* [AIM OF THE EXERCISE] Could you restate the whole listing below word for word, minus the pictures?

STORED DATA below:

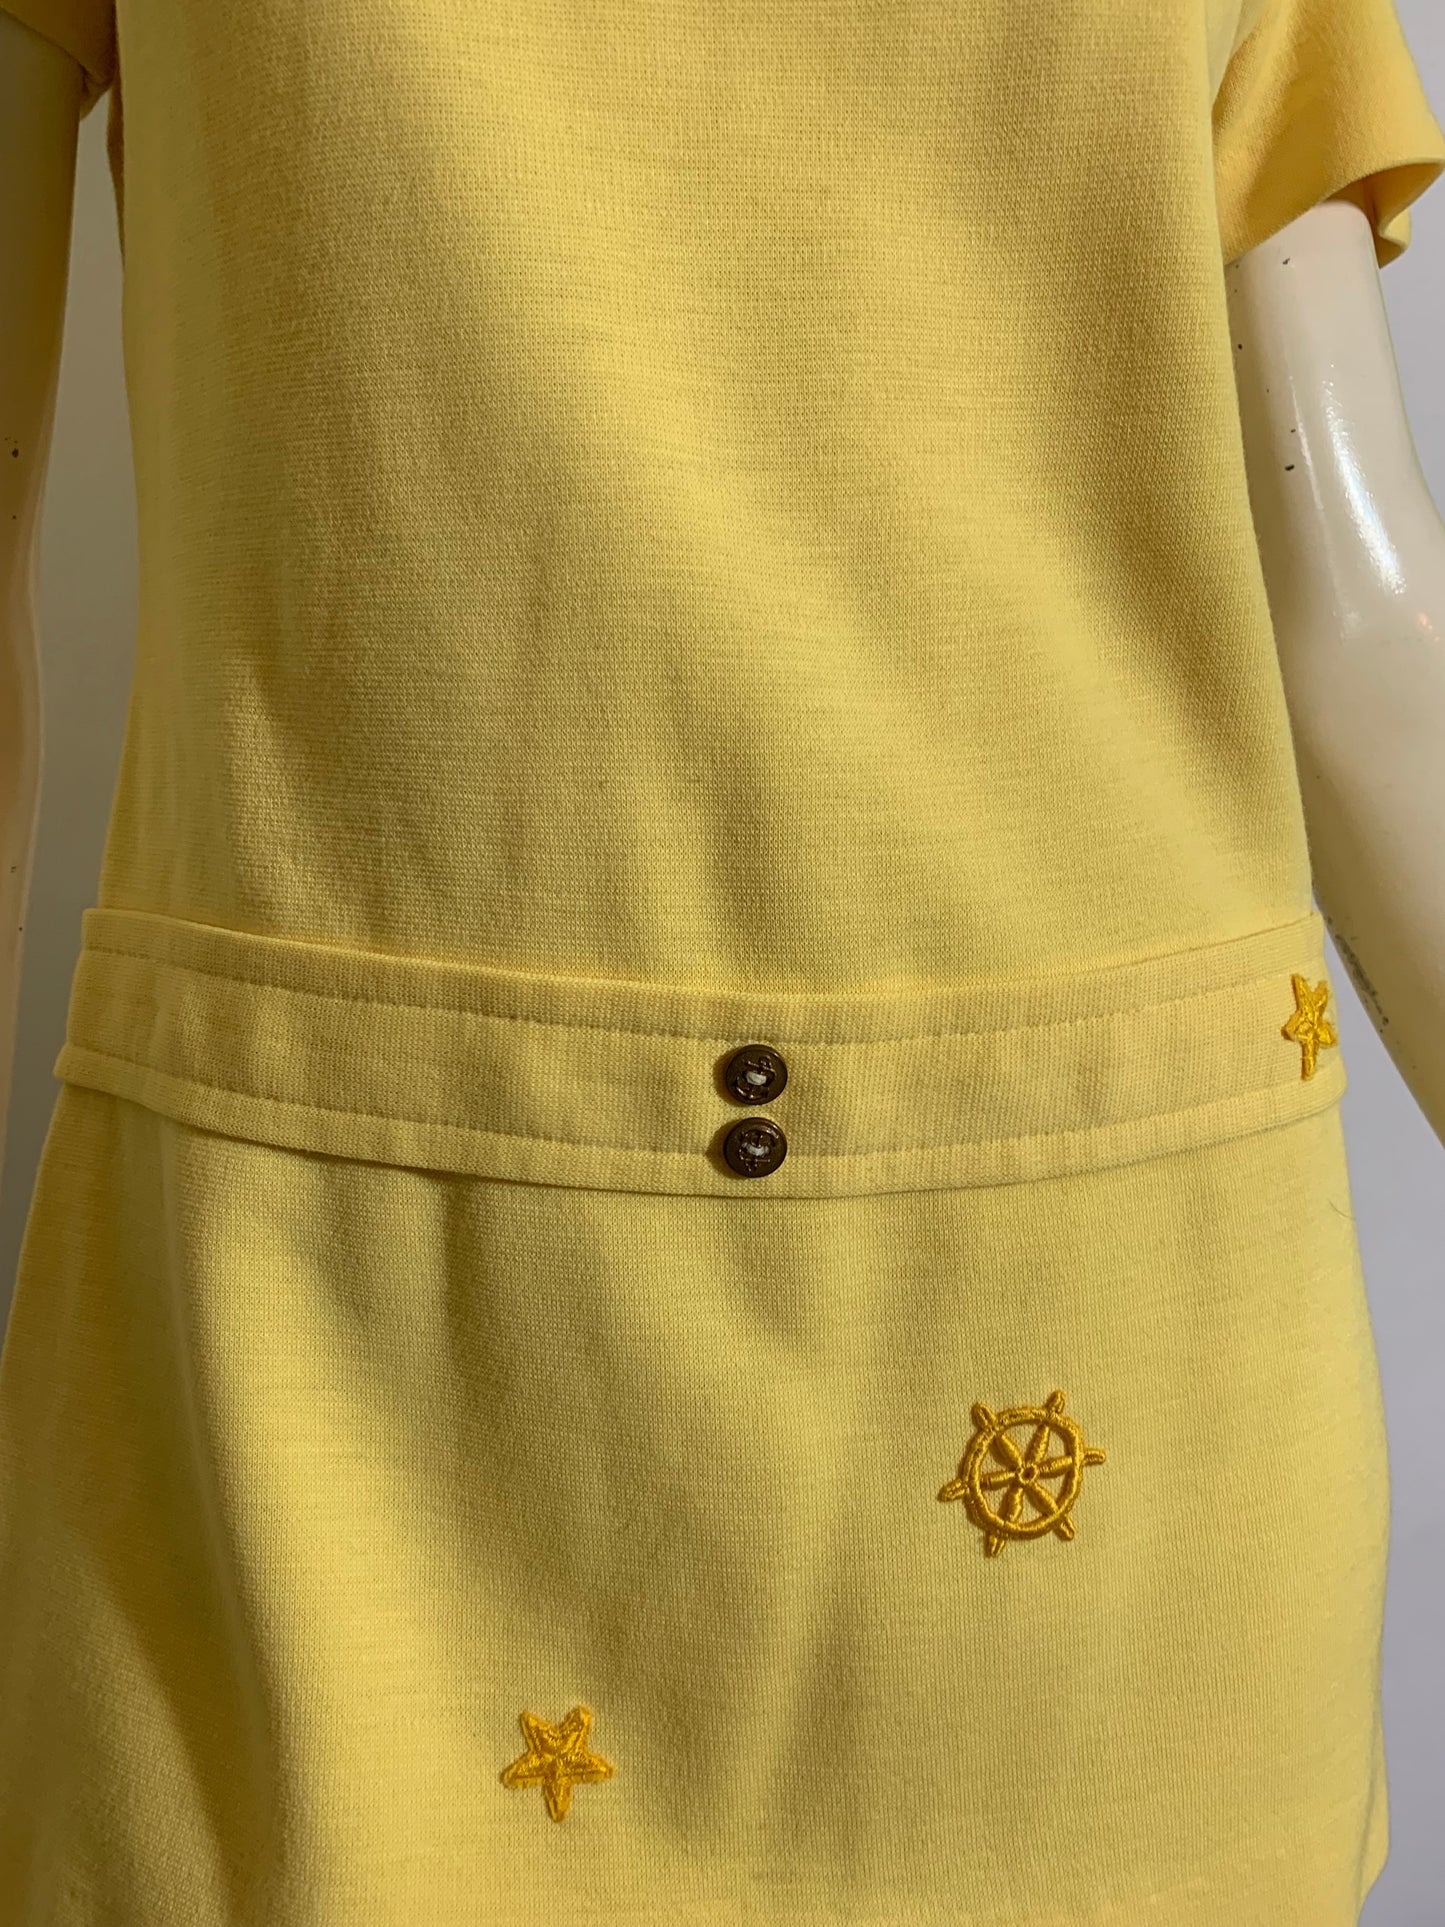 Nautical Themed Lemon Yellow Tunic Micro Mini Dress circa 1970s
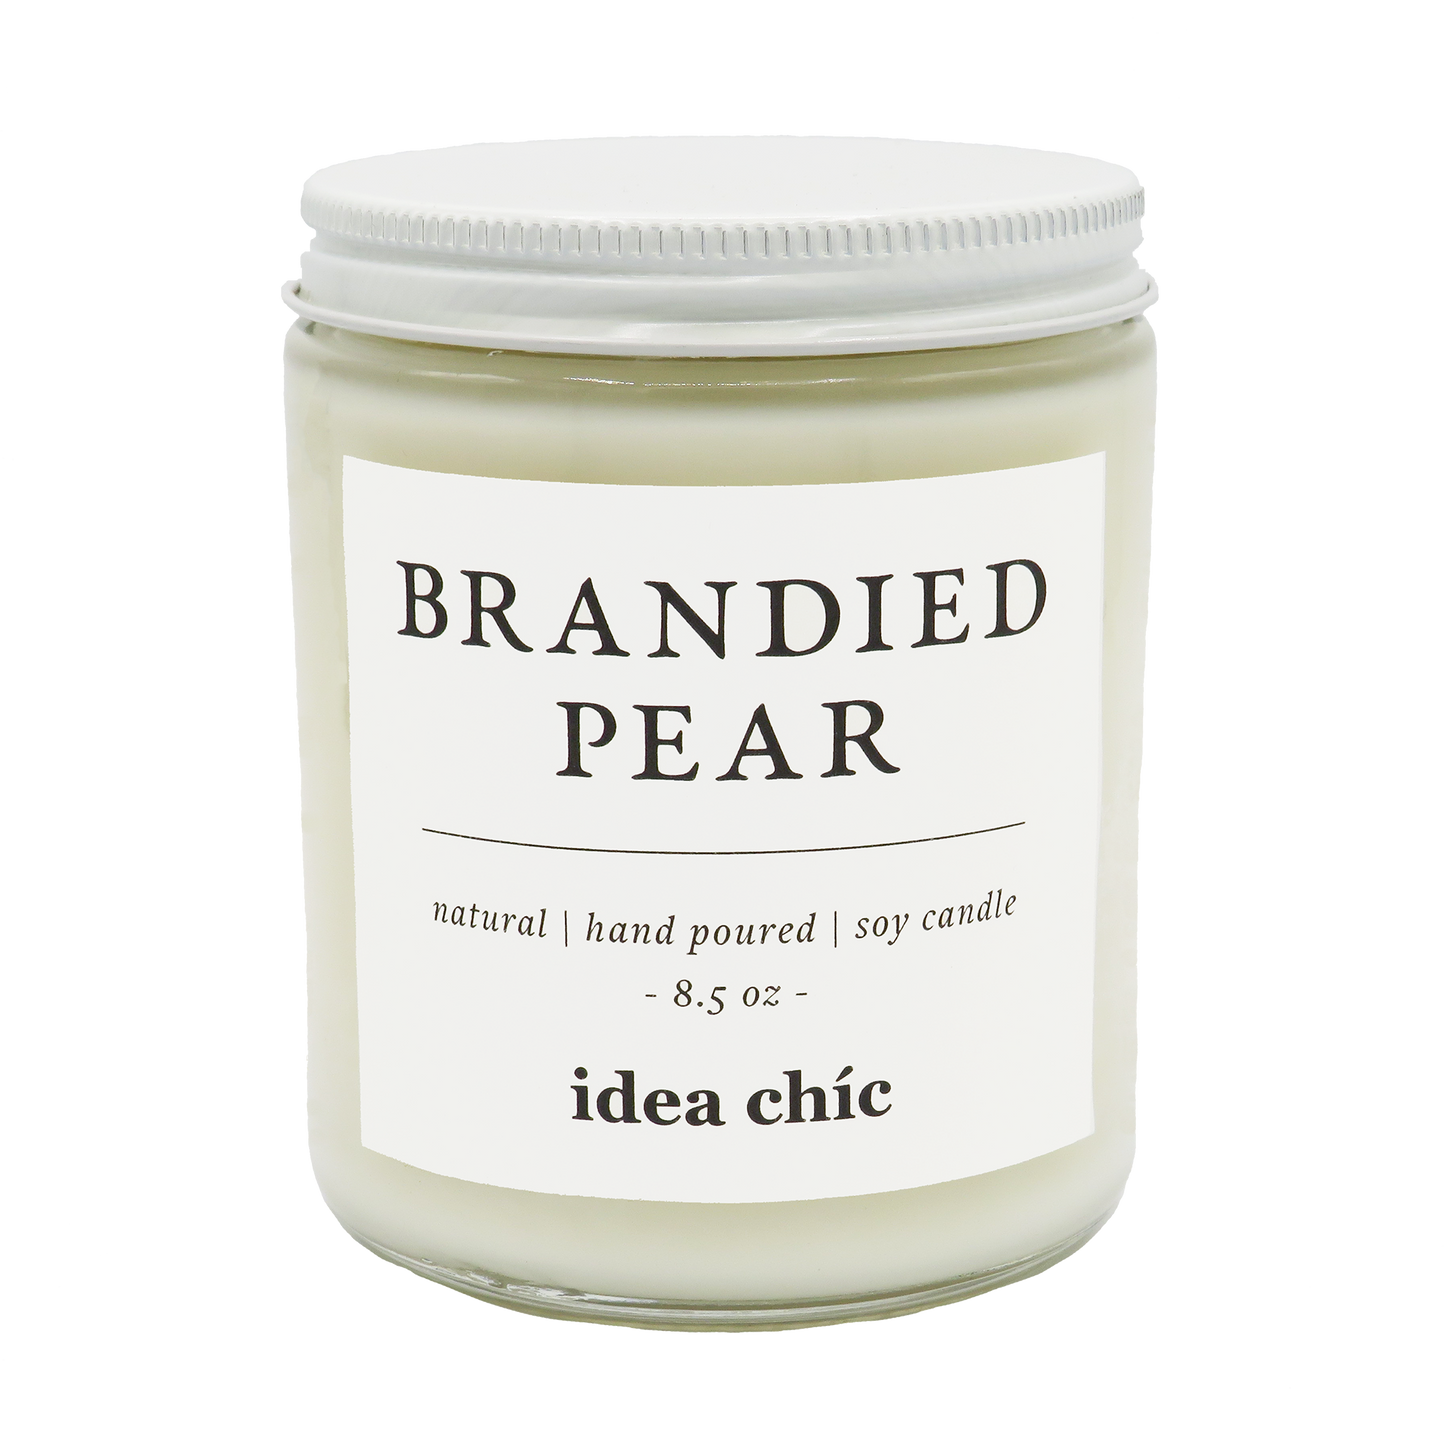 8.5 oz. Brandied Pear Candle Glass Jar
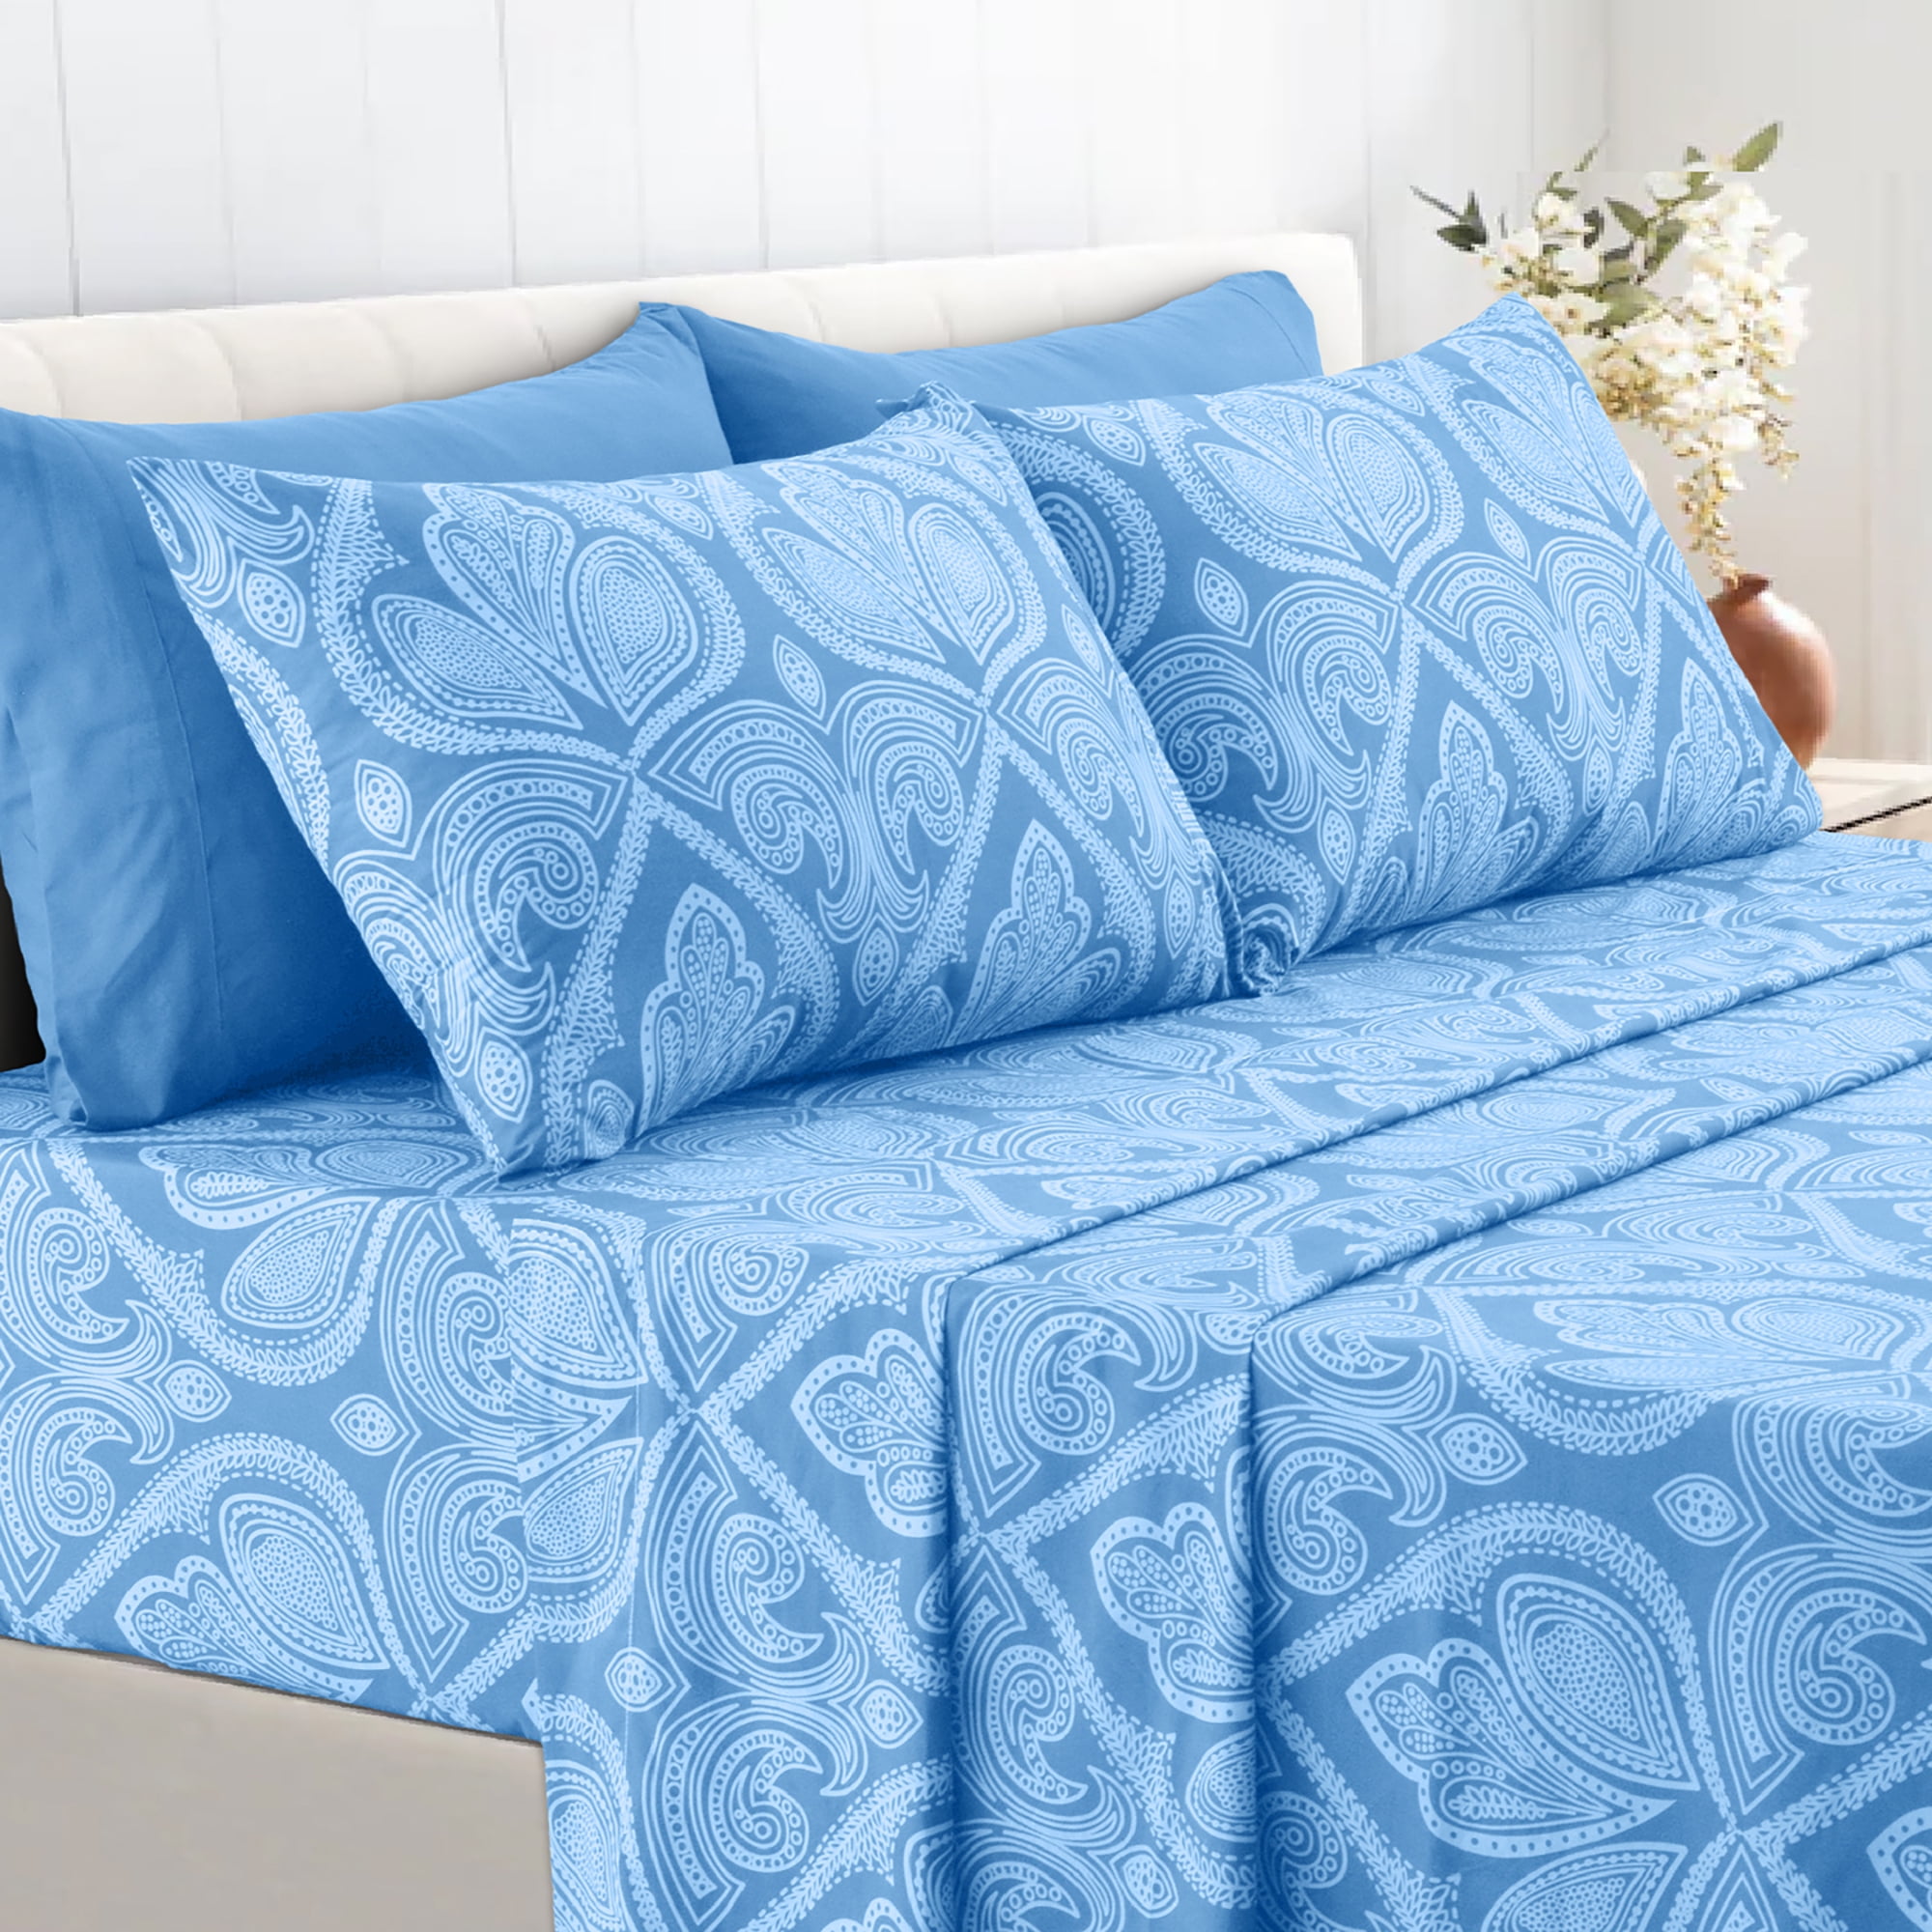 Details about   Cozy Bedding Sheet Set OR Duvet Set Egyptian Cotton US Full XL Size Solid Colors

End of STORED DATA.

* [ANSWER TO THIS EXERCISE]
 Nautical Themed Lemon Yellow Tunic Micro Mini Dress circa 1970s
 8.5 oz. Brandied Pear Candle Glass Jar
 Details about   Cozy Bedding Sheet Set OR Duvet Set Egyptian Cotton US Full XL Size Solid Colors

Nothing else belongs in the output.